因为协程是一个线程执行,那么怎么利用多核cpu呢?最简单的方法是多进程+协程,既充分利用多核,又充分发挥协程的高效率,可获得极高性能
-
协程的几种方式
1.使用协程yield实现生产者消费者模式
#使用协程实现生产者消费者模式
import time
def consumer(name):
print("----->ready to eat baozi...")
while True:
new_baozi = yield
print("[%s] is eating baozi %s"%(name,new_baozi))
def producer():
r= con.__next__()
r = con2.__next__()
n = 0
while 1:
time.sleep(1)
print("making baozi %s and %s"%(n,n+1))
con.send(n)
con2.send(n+1)
n +=2
if __name__ =="__main__":
con = consumer("lian")
con2 = consumer("zong")
p =producer()
2.使用greenlet实现协程
使用greenlet实现协程
from greenlet import greenlet
def test1():
print(12)
gr2.switch() #切换到test2
print(34)
gr2.switch()
def test2():
print(56)
gr1.switch() #切换到test1
print(78)
gr1 = greenlet(test1)
gr2 = greenlet(test2)
#gr2.switch()
gr1.switch() #切换到test1
3.使用gevent实现协程
import time,requests,gevent
start =time.time()
def f(url):
print("GET:%s"%url)
resp = requests.get(url)
data = resp.text
print("%d bytes recevied from %s"%(len(data),url))
gevent.joinall([
gevent.spawn(f,"https://blog.csdn.net/Lzs1998/article/details/87858525"),
gevent.spawn(f,"https://blog.csdn.net/Lzs1998/article/details/87858525"),
gevent.spawn(f,"https://blog.csdn.net/Lzs1998/article/details/87858525"),
gevent.spawn(f,"https://blog.csdn.net/Lzs1998/article/details/87858525"),
gevent.spawn(f,"https://blog.csdn.net/Lzs1998/article/details/87858525"),
])
下面给大家讲协程+进程怎么实现爬取50个网页!
方法一:
普通方法:
import time,requests,gevent
from gevent.pool import Pool as GP
from multiprocessing import Pool,Lock
def f(url):
resp = requests.get(url)
data = resp.text
print("success get :%s" % url)
print("%d bytes recevied from %s\n"%(len(data),url))
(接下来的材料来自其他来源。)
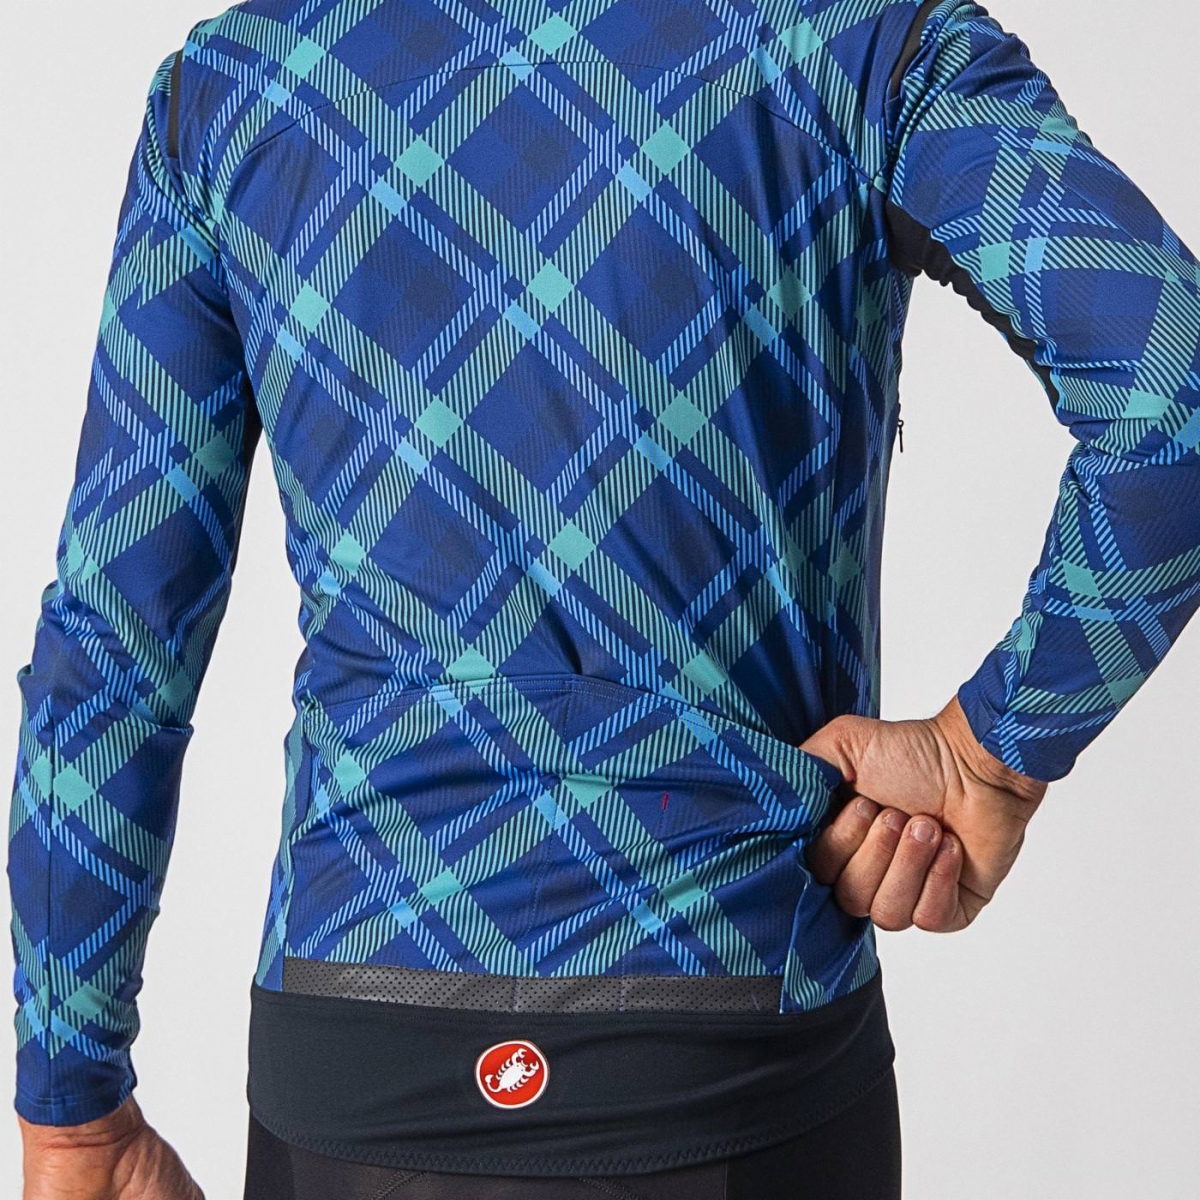 PERFETTO ROS LONG SLEEVE

if __name__ == "__main__":
start = time.time()
for i in range(50):
f(url = "https://blog.csdn.net/Lzs1998/article/details/87858525")
end = time.time()
print("total time:", end - start)
耗时:
total time: 35.31624388694763
方法二:协程
import time,requests,gevent
from gevent.pool import Pool as GP
from multiprocessing import Pool,Lock
def f(url):
resp = requests.get(url)
data = resp.text
print("success get :%s" % url)
print("%d bytes recevied from %s\n"%(len(data),url))
#
# gevent.joinall([
#
# gevent.spawn(f,"https://blog.csdn.net/Lzs1998/article/details/87858525"),
# gevent.spawn(f,"https://blog.csdn.net/Lzs1998/article/details/87858525"),
# gevent.spawn(f,"https://blog.csdn.net/Lzs1998/article/details/87858525"),
# gevent.spawn(f,"https://blog.csdn.net/Lzs1998/article/details/87858525"),
# gevent.spawn(f,"https://blog.csdn.net/Lzs1998/article/details/87858525"),
#
# ])
# 定义一个协程并发方法(用的是gevent的协程池)
def html(url):
p = GP(5)
# 协程池的map方法可以让你自定义并发次数,这里可以自定义爬取微博网页的并发次数,第一个参数是要执行的函数
# 第二个参数可以理解成需要并发参数的次数
p.map(func=f,iterable=[url for i in range(5)])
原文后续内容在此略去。